Americans’ retirement savings could become stagnant or worse unless both the U.S. Department of Labor (DOL) and the Securities and Exchange Commission offer strong fiduciary rules giving investors greater protections when hiring a financial advisor.

That’s the strongly worded message delivered today to the Trump White House by the Financial Planning Coalition—an advocacy group made up of the Certified Financial Planner Board of Standards, the Financial Planning Association and the National Association of Personal Financial Advisors (NAPFA).

“While the coalition is pleased that the [SEC] is pursuing a fiduciary standard for all investment advice, it is important that any rule proposed by the SEC not replace but complement the DOL rule,” the group said.

President Trump lauded the growth of Americans’ 401(k)s and pensions during his first State of the Union address. “But while many Americans’ retirement savings continue to thrive, it is imperative that these financial gains are preserved for the long term,” the coalition said in a statement. The statement was released on the one-year anniversary of Trump’s presidential memorandum ordering a review of the DOL’s fiduciary rule.

“The American people deserve to get a good deal when they seek advice for retirement savings,” the coalition statement said. “The coalition calls on the president and his regulatory agencies to prioritize full implementation of a fiduciary standard of care to prevent conflicted financial advice and protect Americans’ hard-earned savings.”

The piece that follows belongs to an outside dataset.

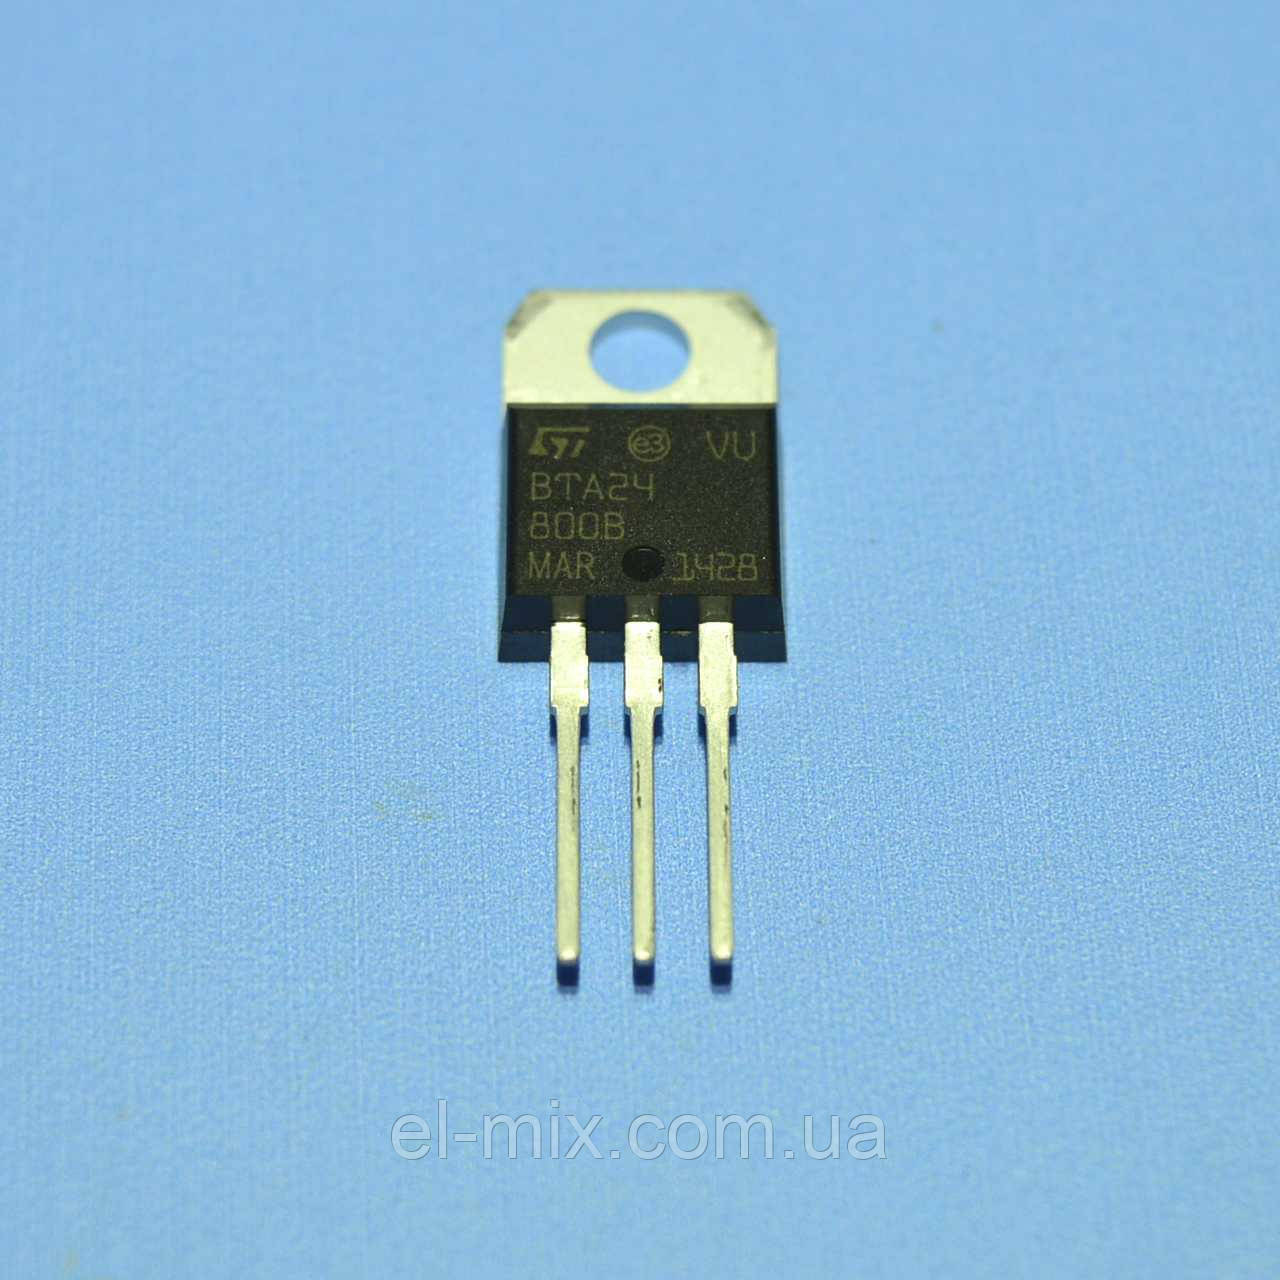 Симистор BTA24-800B  TO-220  STM/China

New rules would require advisors and, for the first time, registered reps to put clients “best interests” above their own. The delays mean that there is a dearth of protections for investors—many of whom have experienced a significant growth in their retirement accounts in the past year and need financial advice.

“One year ago, the president submitted a presidential memorandum to the Labor secretary to review its fiduciary rule. Since then, the DOL has delayed the full implementation of the rule—which already addresses concerns raised by lawmakers, regulators, financial industry organizations, public interest groups and consumers—and unnecessarily jeopardizes the financial well-being of millions of Americans, who lose billions of dollars each year because of conflicts of interest. Continued delay of this important measure denies millions of people the retirement security that they deserve,” the coalition said.

The DOL has extended the review of the conflicts of interest and disclosure sections of its rule—which applies only to qualified retirement assets—until July 2019. The DOL rules go beyond disclosure and actually set a higher bar than current SEC rules do for advisors wanting to sell certain products such as variable annuities.

As wirehouse and bank brokers move headlong into the fee-based advice business, they are operating without consumer protection standards that require them to put investors’ best interests first. The SEC has been debating an expanded fiduciary rule that would apply to brokers (advisors already have a legal fiduciary standard) for more than a decade. The agency says now it plans to propose a rule by the second quarter of this year.

But lockstep fiduciary rules from both agencies are the best protection for investors, the group said.